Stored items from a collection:
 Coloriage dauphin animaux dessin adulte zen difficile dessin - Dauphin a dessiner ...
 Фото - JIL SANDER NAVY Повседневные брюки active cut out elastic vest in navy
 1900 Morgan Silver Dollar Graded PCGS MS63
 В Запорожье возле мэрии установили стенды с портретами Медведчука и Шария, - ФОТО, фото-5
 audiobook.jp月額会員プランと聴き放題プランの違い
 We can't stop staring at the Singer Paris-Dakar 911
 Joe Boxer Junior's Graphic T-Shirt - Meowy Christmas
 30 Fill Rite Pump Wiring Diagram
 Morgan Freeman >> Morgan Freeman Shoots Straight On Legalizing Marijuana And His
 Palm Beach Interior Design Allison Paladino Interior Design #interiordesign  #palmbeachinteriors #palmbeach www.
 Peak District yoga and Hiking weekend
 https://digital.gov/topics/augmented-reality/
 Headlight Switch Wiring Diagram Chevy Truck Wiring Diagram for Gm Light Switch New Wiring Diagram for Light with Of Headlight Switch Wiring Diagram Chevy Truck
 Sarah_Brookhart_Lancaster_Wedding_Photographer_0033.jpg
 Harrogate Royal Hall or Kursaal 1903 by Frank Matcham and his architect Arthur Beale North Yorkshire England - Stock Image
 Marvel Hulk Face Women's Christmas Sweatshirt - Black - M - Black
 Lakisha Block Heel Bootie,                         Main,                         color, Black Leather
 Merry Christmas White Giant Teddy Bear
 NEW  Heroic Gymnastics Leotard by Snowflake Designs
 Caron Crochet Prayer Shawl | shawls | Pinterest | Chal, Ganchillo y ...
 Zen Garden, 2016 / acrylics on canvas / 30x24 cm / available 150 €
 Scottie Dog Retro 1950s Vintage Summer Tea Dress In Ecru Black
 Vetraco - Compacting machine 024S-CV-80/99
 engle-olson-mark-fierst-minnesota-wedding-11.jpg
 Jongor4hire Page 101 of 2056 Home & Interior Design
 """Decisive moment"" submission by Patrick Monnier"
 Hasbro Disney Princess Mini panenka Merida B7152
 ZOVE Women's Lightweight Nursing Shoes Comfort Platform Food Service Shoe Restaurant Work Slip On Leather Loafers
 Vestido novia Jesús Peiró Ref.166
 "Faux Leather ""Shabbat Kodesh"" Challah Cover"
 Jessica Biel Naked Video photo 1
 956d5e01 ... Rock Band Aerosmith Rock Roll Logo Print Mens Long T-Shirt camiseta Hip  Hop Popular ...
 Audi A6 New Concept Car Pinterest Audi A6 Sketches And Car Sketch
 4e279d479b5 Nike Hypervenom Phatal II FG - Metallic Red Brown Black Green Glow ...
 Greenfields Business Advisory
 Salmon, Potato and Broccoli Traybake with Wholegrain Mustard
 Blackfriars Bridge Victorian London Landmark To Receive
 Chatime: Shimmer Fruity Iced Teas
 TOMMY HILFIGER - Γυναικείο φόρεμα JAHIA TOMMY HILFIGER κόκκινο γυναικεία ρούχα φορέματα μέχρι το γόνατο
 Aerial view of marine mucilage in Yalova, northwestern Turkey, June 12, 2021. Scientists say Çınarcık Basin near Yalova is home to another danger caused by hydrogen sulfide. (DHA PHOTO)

◆ **Goal of the exercise**
For the entries above, transcribe precisely the lines from the one with "Hasbro Disney Princess" through the end, including both.

◆ **Expected output**
 Hasbro Disney Princess Mini panenka Merida B7152
 ZOVE Women's Lightweight Nursing Shoes Comfort Platform Food Service Shoe Restaurant Work Slip On Leather Loafers
 Vestido novia Jesús Peiró Ref.166
 "Faux Leather ""Shabbat Kodesh"" Challah Cover"
 Jessica Biel Naked Video photo 1
 956d5e01 ... Rock Band Aerosmith Rock Roll Logo Print Mens Long T-Shirt camiseta Hip  Hop Popular ...
 Audi A6 New Concept Car Pinterest Audi A6 Sketches And Car Sketch
 4e279d479b5 Nike Hypervenom Phatal II FG - Metallic Red Brown Black Green Glow ...
 Greenfields Business Advisory
 Salmon, Potato and Broccoli Traybake with Wholegrain Mustard
 Blackfriars Bridge Victorian London Landmark To Receive
 Chatime: Shimmer Fruity Iced Teas
 TOMMY HILFIGER - Γυναικείο φόρεμα JAHIA TOMMY HILFIGER κόκκινο γυναικεία ρούχα φορέματα μέχρι το γόνατο
 Aerial view of marine mucilage in Yalova, northwestern Turkey, June 12, 2021. Scientists say Çınarcık Basin near Yalova is home to another danger caused by hydrogen sulfide. (DHA PHOTO)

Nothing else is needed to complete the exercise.